I have a pandas dataframe that looks like this:
index | p1 | a1 | phase | file_number | e1 |
---|---|---|---|---|---|
388 | 19.288 | 21.630 | 0.0 | 0 | 0.0 |
389 | 40.910 | 71.489 | 1.0 | 0 | 0.0 |
390 | 31.310 | 43.952 | 2.0 | 0 | 0.0 |
391 | 28.420 | 30.250 | 3.0 | 0 | 0.0 |
392 | 17.940 | 22.000 | 0.0 | 1 | 0.0 |
393 | 38.020 | 68.750 | 1.0 | 1 | 0.0 |
394 | 31.230 | 48.352 | 2.0 | 1 | 1.0 |
395 | 26.902 | 29.880 | 3.0 | 1 | 0.0 |
We can create it using this code
d = {'p1': {388: 19.288,389: 40.91,390: 31.31,391: 28.42,392: 17.94,393: 38.02,394: 31.23,395: 26.902},
'a1': {388: 21.63,389: 71.489,390: 43.952,391: 30.25,392: 22.0,393: 68.75,394: 48.352,395: 29.88},
'phase': {388: 0.0,389: 1.0,390: 2.0,391: 3.0,392: 0.0,393: 1.0,394: 2.0,395: 3.0},
'file_number': {388: 0, 389: 0, 390: 0, 391: 0, 392: 1, 393: 1, 394: 1, 395: 1},
'e1': {388: 0.0,389: 0.0,390: 0.0,391: 0.0,392: 0.0,393: 1.0,394: 0.0,395: 0.0}}
df = pd.DataFrame(d)
For I want to transform this dataframe, so I have 1 row for every file_number.

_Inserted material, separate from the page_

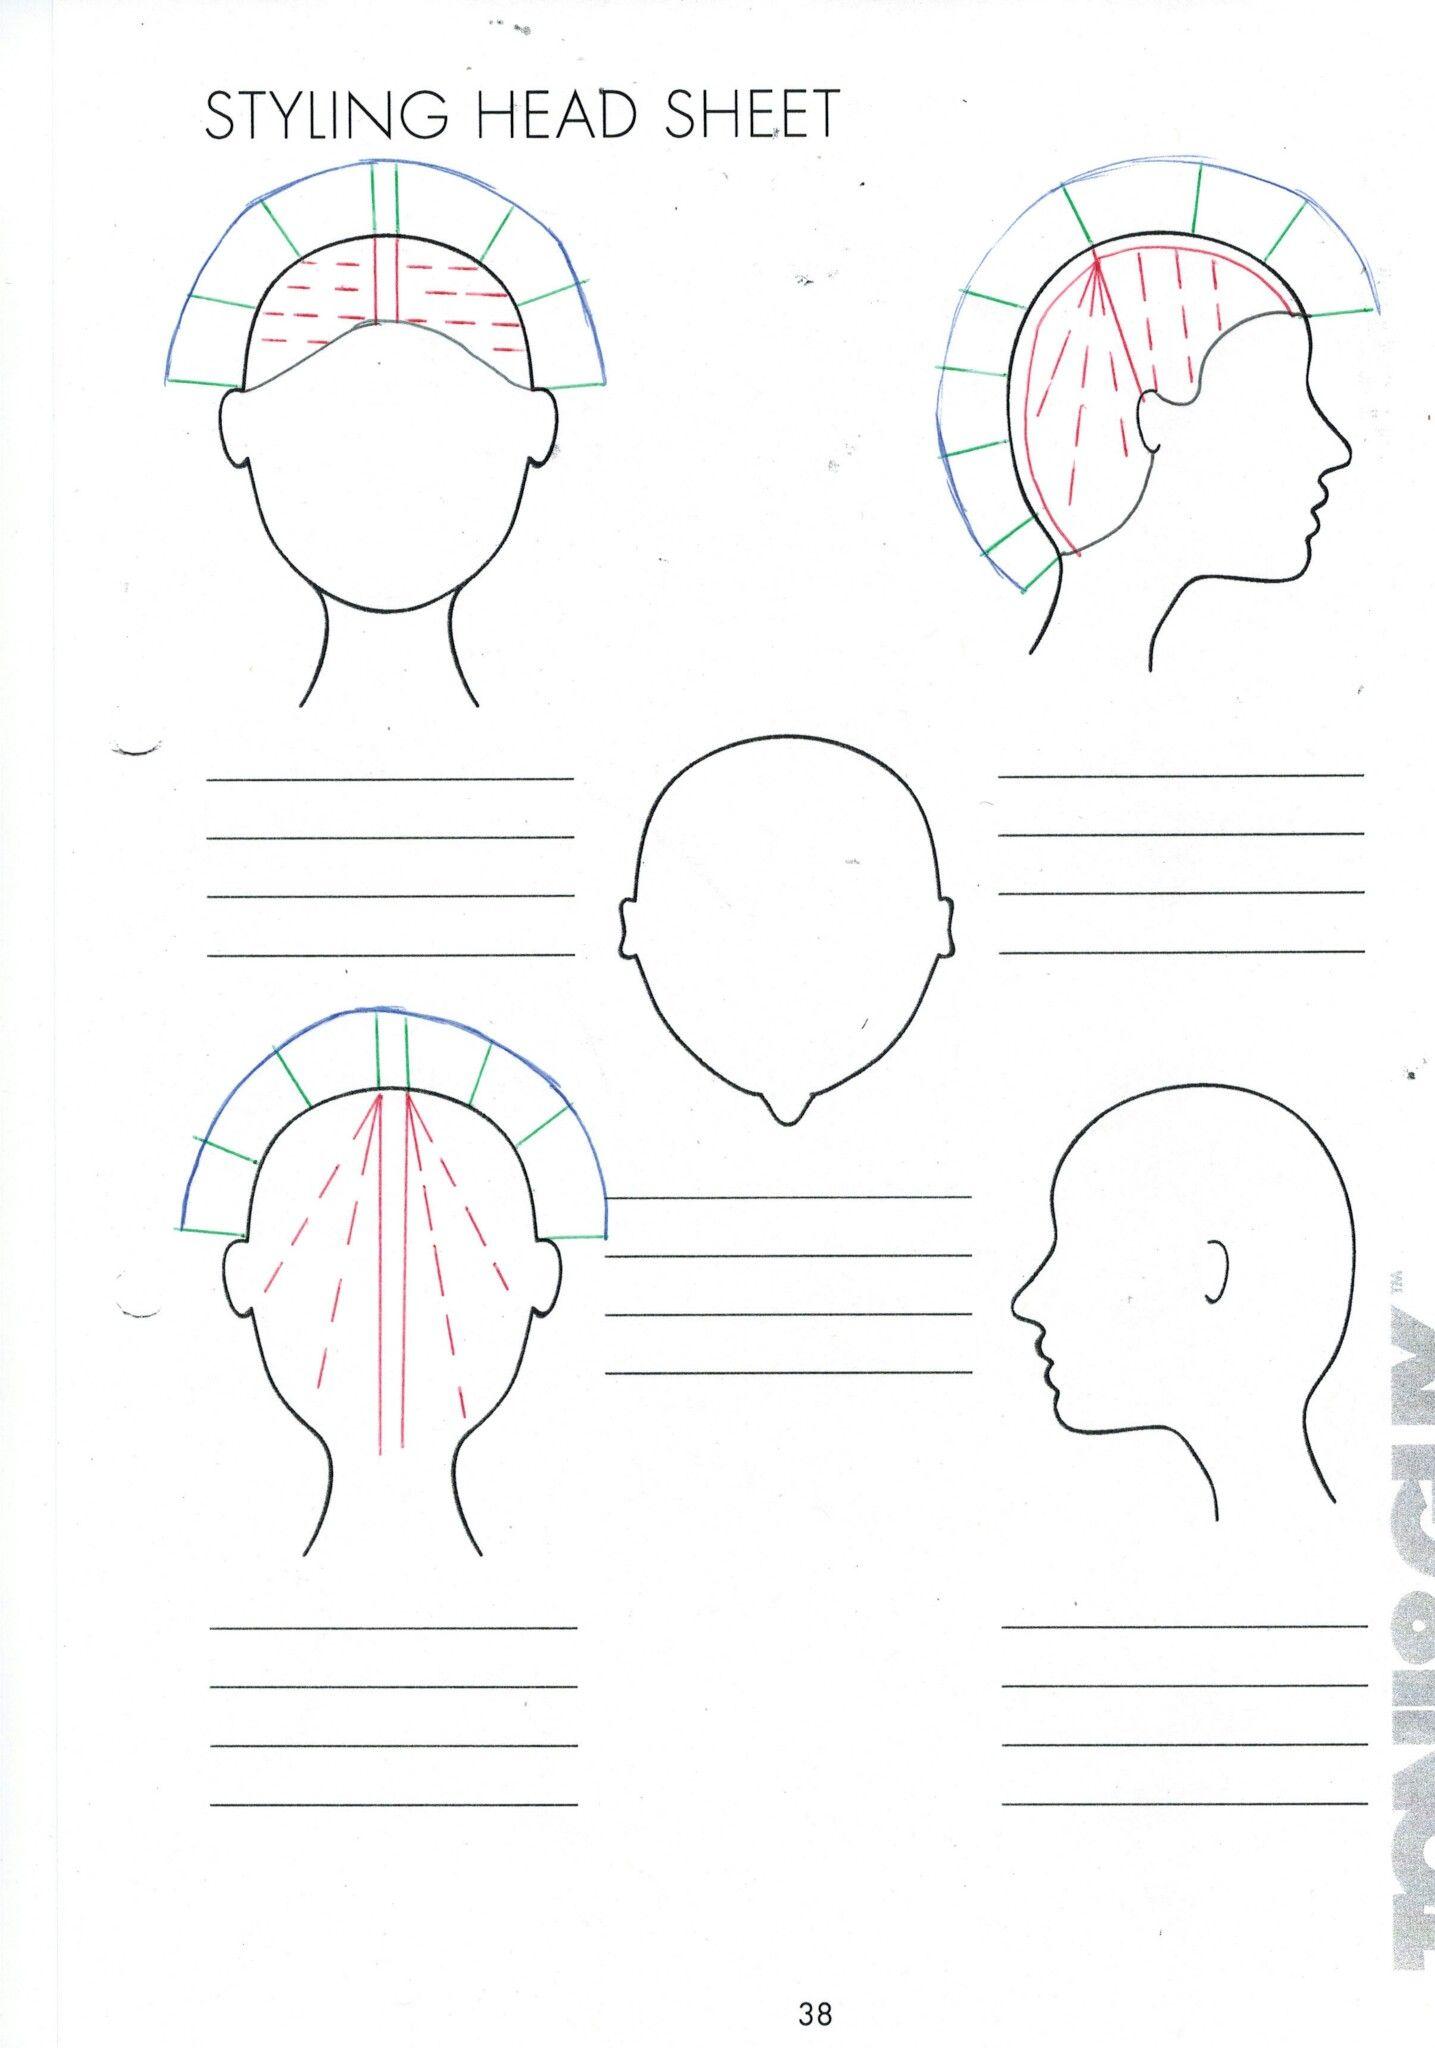 Round Layers  Hair illustration, Toni and guy, Diagonal forward
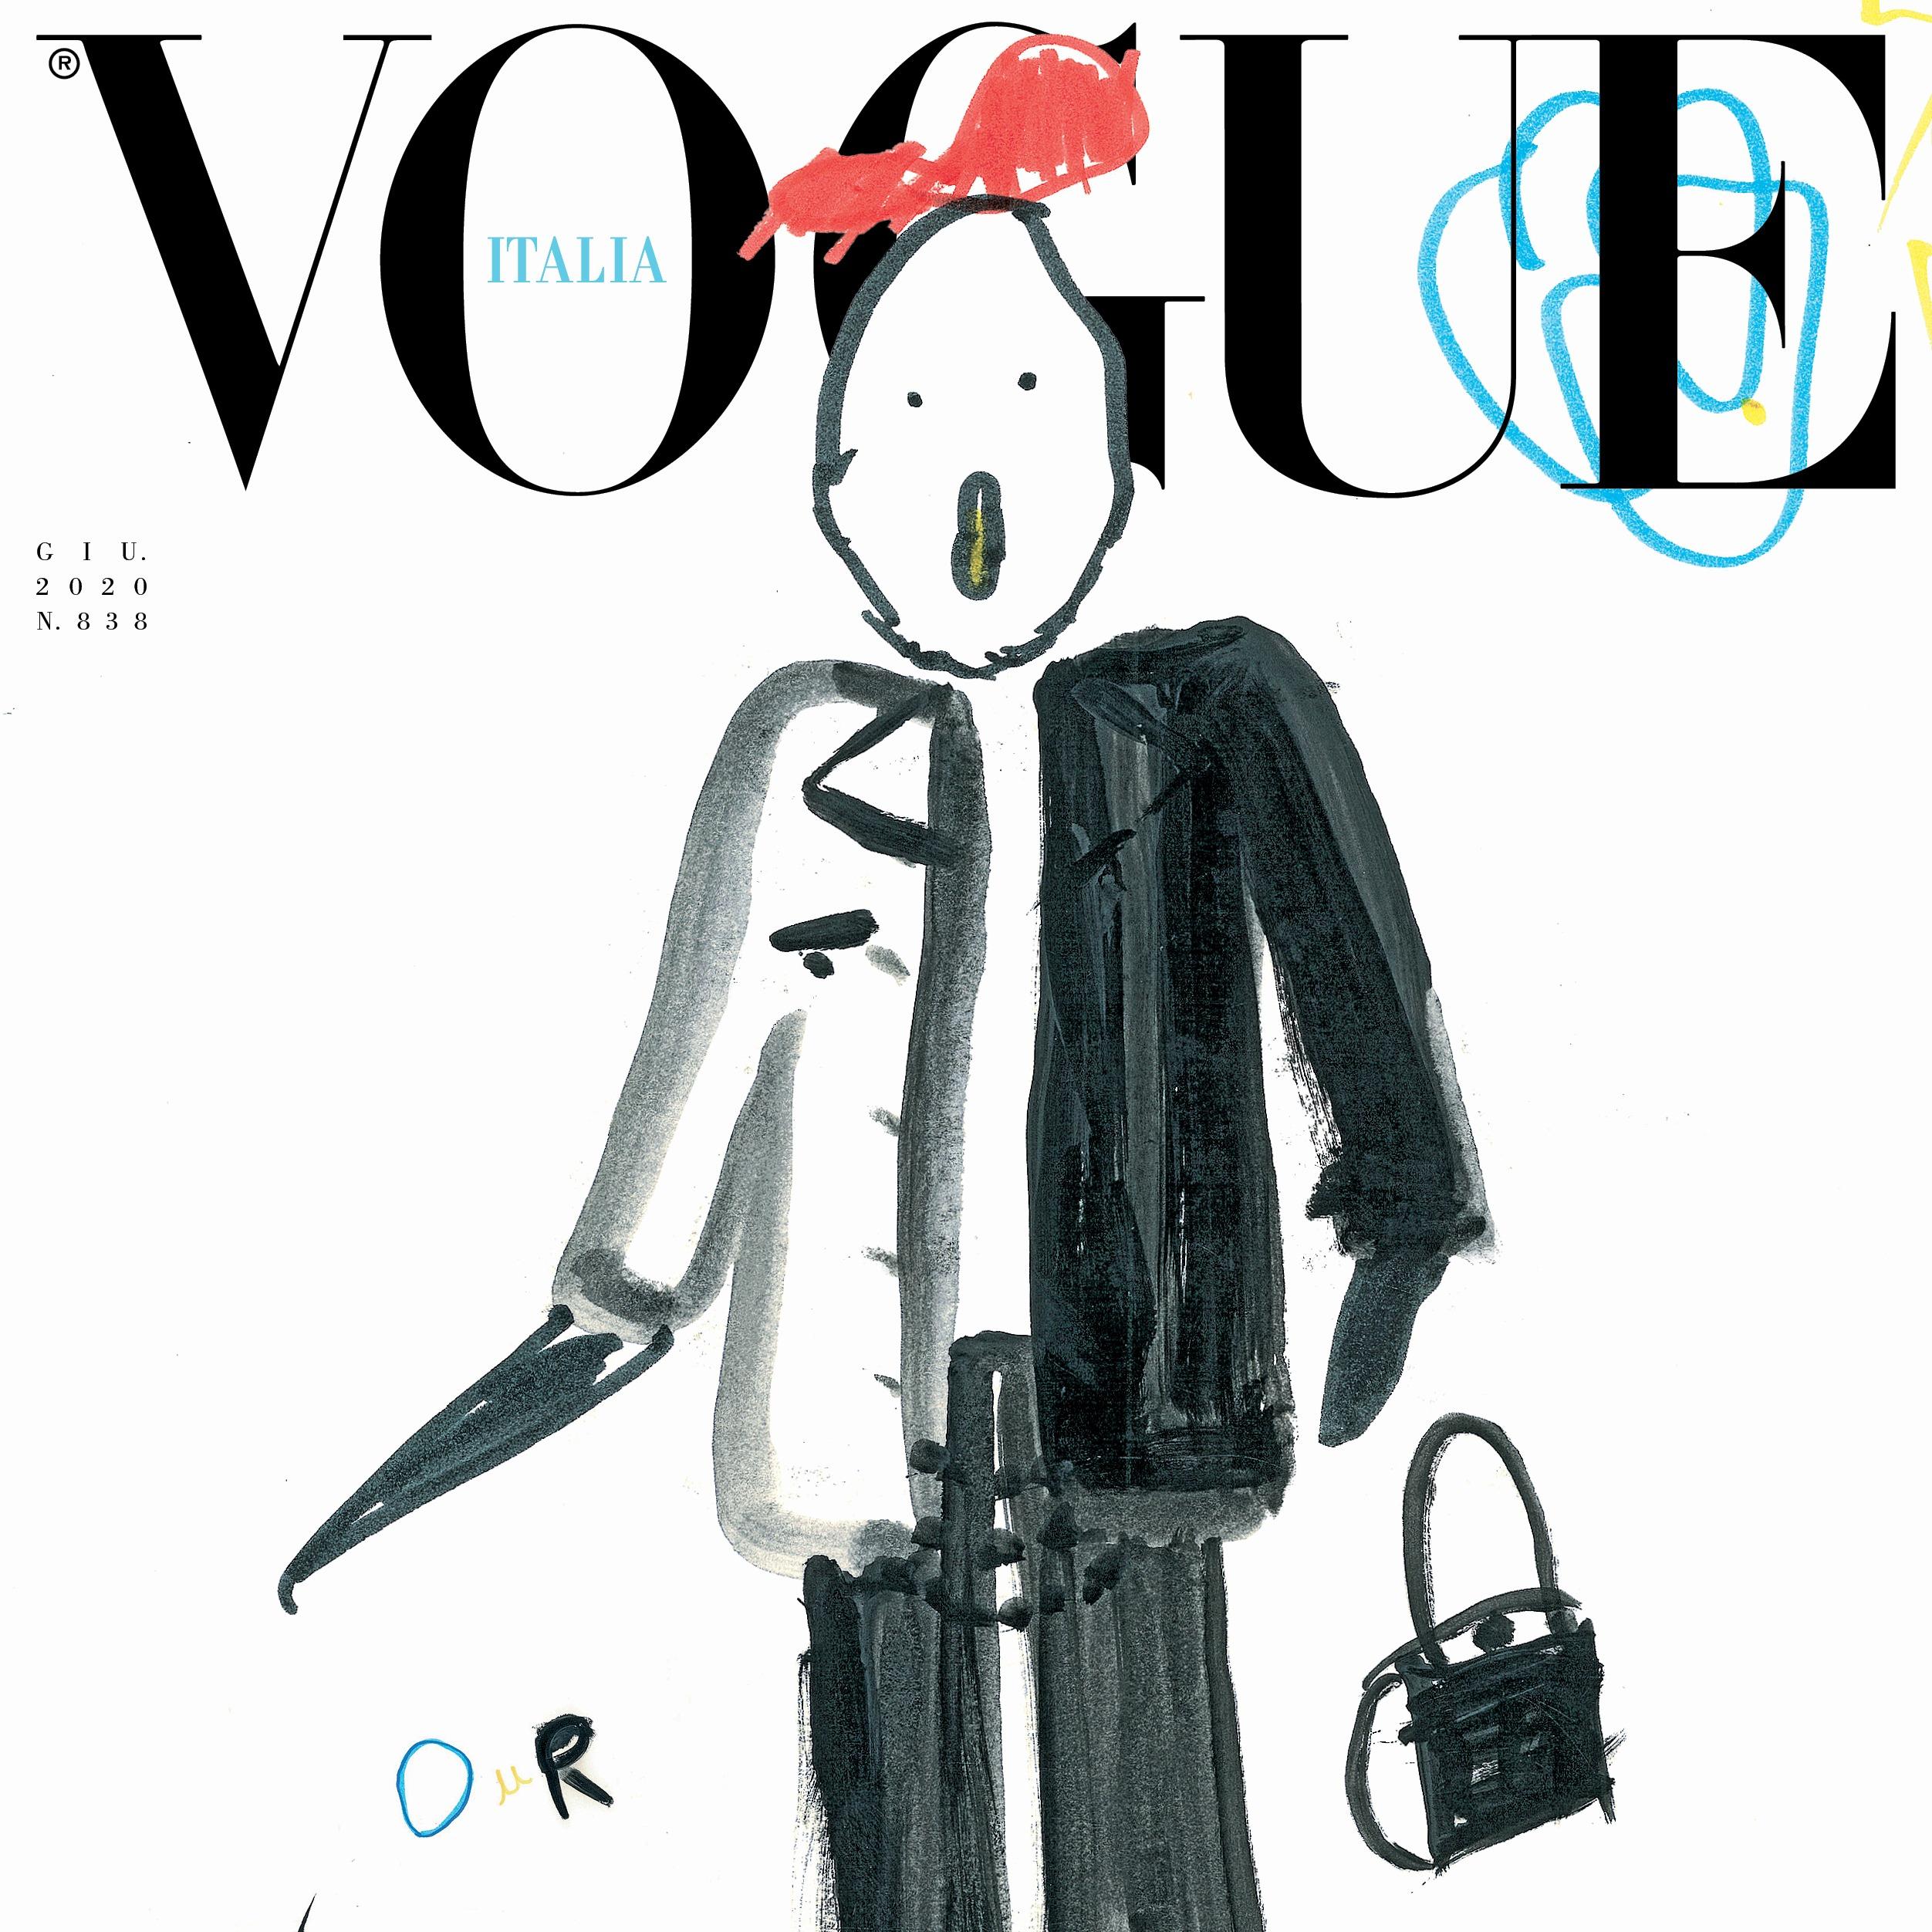 Condé Nast - Children take over Vogue Italia's June issue

And transform it with respect to phase - basically collapse many rows into one for each file_number. Phase number will always be 0, 1, 2, 3. Final table should look like this:
p1_0 | p1_1 | p1_2 | p1_3 | a1_0 | p1_1 | a1_2 | a1_3 | e1_0 | e1_1 | e1_2 | e1_3 |
---|---|---|---|---|---|---|---|---|---|---|---|
19.288 | 40.910 | 31.310 | 28.420 | 21.630 | 71.489 | 43.952 | 30.250 | 0 | 0 | 0 | 0 |
17.940 | 38.020 | 31.230 | 26.902 | 22.000 | 68.750 | 48.352 | 29.880 | 0 | 0 | 1 | 0 |
Where suffix means p1_phase, a1_phase and so on.
I want to make it as fast as possible. Since my data is very large, I'd rather avoid looping.